Anatomy of a Claude Agent: Architecture End to End
How a Claude agent is wired internally — model loop, context store, tool router, MCP layer, and control plane — with a diagram, code, and pitfalls.
Most teams discover the hard way that an agent is not a model with a system prompt taped to a few API calls. It is a small distributed system that happens to have a language model at its center. When a Claude agent stalls, loops, or burns through a budget, the cause is almost never the model — it is some seam in the architecture: a context store that grew unbounded, a tool router that returned ambiguous results, or a control loop that never decided when to stop. This post walks the full anatomy of an effective Claude agent so you can reason about each piece independently.

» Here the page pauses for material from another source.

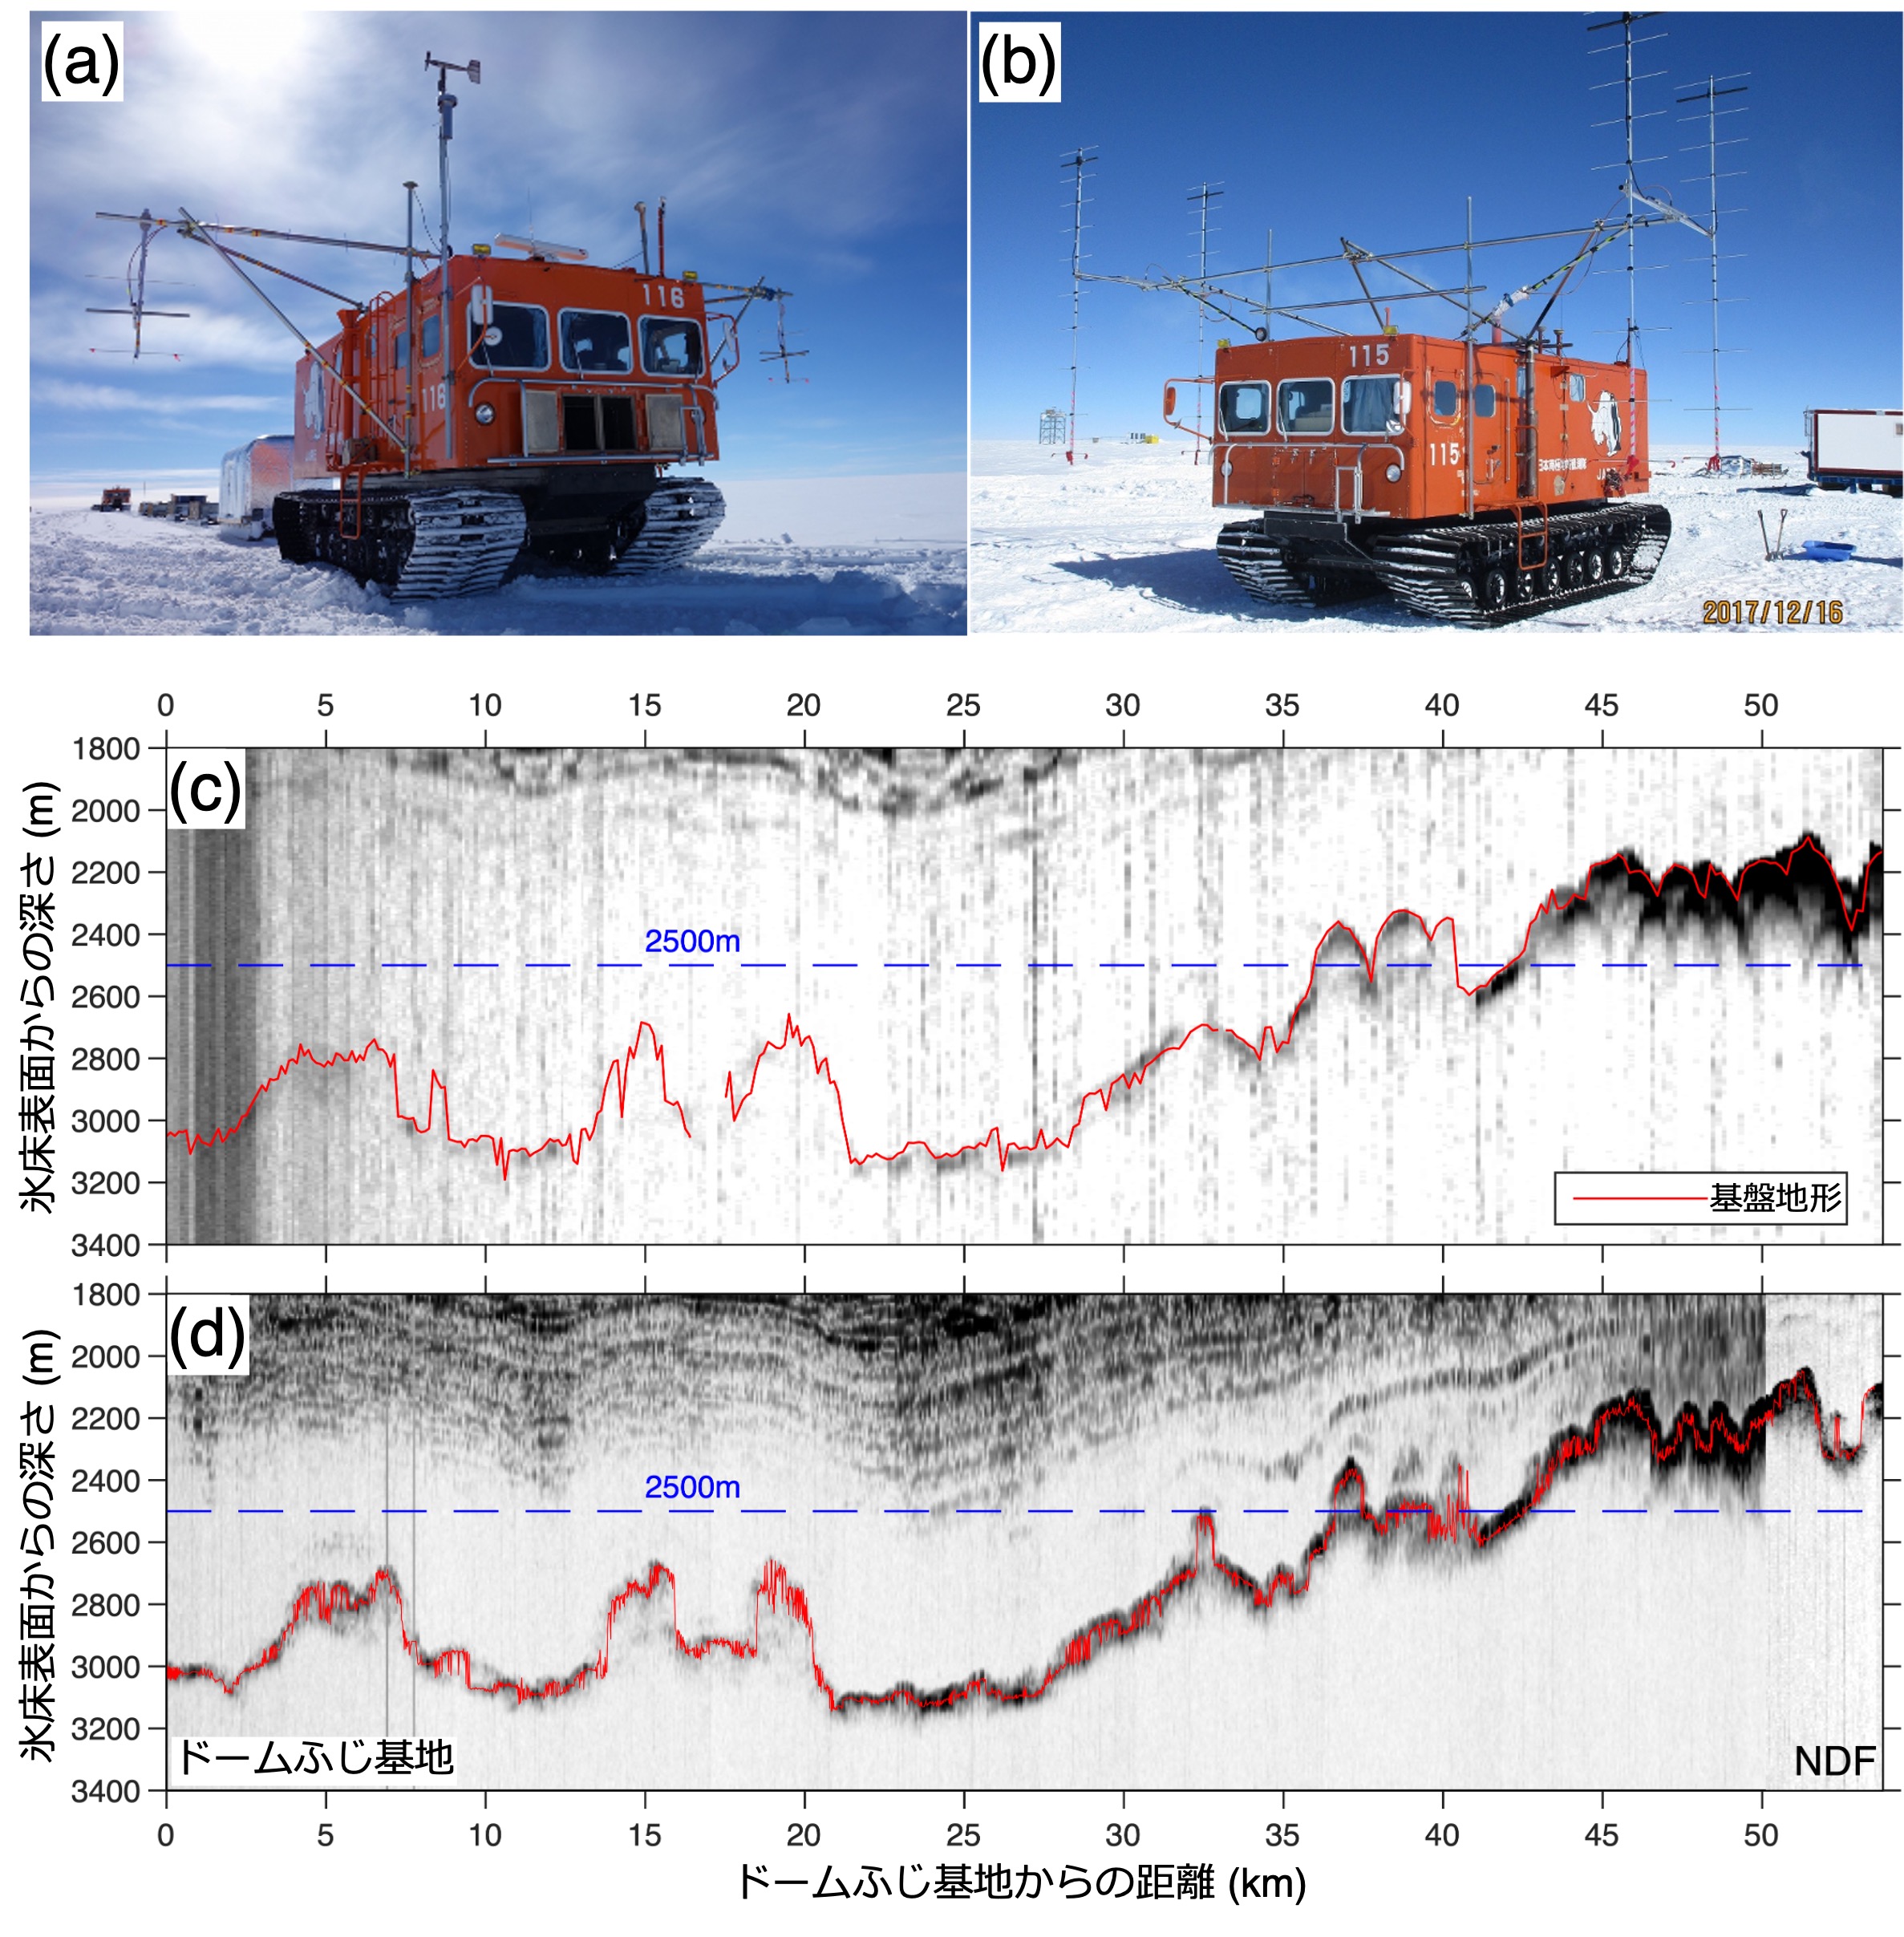 図3： （上段写真）氷床レーダアンテナを搭載した雪上車。国立極地研究所 藤田秀二教授撮影。（a）54次隊で使用した改良前のアンテナ、（b）59次隊で使用した、高い利得を持つ改良後のアンテナ。
（下段）ドームふじ基地とNDF観測拠点間の同一の場所で取得した、氷床深部のレーダエコー画像。（c）54次隊で改良前アンテナ（写真a）と、（d）59次で改良後アンテナ（写真b）を使用したときのそれぞれの観測結果。赤線は自動で抽出した大陸基盤地形。の画像

I will use the vocabulary of the Claude ecosystem in 2026 — the model loop, Model Context Protocol (MCP) servers, Agent Skills, and the orchestrator pattern — but the architecture generalizes. The goal is a mental model precise enough that, when something breaks at 2 a.m., you know which box on the diagram to open.
Key takeaways
- A Claude agent decomposes into five planes: model loop, context store, tool router, capability layer (MCP + Skills), and a control plane that owns stopping and budgets.
- The agent loop is just perceive → decide → act → observe repeated until a stop condition fires; most failures are missing stop conditions.
- Context is state, not a transcript — treat it as an explicit store you curate every turn, not an append-only log.
- Tools and MCP servers are the agent's hands; Skills are the instructions that teach Claude when and how to use them.
- The control plane (budgets, retries, guardrails) is what separates a demo from a production agent.
What an agent actually is
An AI agent is a system that uses a language model to choose its own sequence of actions toward a goal, observing the results of each action before deciding the next. The defining word is chooses: a workflow with hard-coded steps is not an agent, even if every step calls Claude. An agent earns the name when the model — not your code — decides what happens next.
Concretely, a Claude agent is a loop wrapped around the Messages API. Each iteration sends the current context to the model, the model responds either with a final answer or a request to call one or more tools, your runtime executes those tool calls, appends the results, and loops again. Everything else in the architecture exists to make that loop reliable, observable, and bounded.
The five planes, end to end
It helps to separate concerns into five planes, each with a single responsibility. The model loop drives decision-making. The context store holds the working state passed to the model. The tool router turns a model's tool request into a concrete execution. The capability layer — MCP servers plus Skills — is the catalog of what the agent can do and how. The control plane enforces budgets, retries, and safety. Here is how a single request flows through them.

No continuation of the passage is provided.